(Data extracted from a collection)
————

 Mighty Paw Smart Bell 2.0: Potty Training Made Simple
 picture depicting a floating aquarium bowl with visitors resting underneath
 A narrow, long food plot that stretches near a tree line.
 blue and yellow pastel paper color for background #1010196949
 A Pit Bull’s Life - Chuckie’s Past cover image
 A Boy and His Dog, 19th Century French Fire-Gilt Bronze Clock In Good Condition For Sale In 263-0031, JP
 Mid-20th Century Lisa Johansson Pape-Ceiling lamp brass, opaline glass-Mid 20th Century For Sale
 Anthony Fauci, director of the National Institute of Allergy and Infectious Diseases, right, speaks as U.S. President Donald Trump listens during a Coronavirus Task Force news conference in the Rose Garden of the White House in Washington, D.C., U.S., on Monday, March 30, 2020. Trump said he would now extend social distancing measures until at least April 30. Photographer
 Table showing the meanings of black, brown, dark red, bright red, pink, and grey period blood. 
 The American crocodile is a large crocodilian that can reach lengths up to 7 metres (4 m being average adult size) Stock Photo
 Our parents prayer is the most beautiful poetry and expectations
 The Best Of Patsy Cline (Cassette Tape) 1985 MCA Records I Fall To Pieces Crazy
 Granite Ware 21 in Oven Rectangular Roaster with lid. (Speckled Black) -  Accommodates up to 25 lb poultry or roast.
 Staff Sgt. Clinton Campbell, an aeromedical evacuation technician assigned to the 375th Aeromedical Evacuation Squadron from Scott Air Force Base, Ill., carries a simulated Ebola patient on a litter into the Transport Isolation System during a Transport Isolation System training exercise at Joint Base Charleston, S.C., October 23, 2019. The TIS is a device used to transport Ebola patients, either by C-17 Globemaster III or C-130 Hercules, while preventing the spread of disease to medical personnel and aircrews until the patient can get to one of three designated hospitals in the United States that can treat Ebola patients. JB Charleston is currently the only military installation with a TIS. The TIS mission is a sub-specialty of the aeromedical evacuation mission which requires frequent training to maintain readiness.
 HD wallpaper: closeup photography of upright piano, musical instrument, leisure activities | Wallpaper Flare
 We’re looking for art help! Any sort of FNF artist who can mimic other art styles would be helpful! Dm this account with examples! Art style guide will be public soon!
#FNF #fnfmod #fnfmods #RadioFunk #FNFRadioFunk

————

- [PROBLEM TO SOLVE]:
Starting at the first line of the records, print each line exactly, stopping after the line that contains "A Boy and His".

- [FINISHED EXERCISE]:
 Mighty Paw Smart Bell 2.0: Potty Training Made Simple
 picture depicting a floating aquarium bowl with visitors resting underneath
 A narrow, long food plot that stretches near a tree line.
 blue and yellow pastel paper color for background #1010196949
 A Pit Bull’s Life - Chuckie’s Past cover image
 A Boy and His Dog, 19th Century French Fire-Gilt Bronze Clock In Good Condition For Sale In 263-0031, JP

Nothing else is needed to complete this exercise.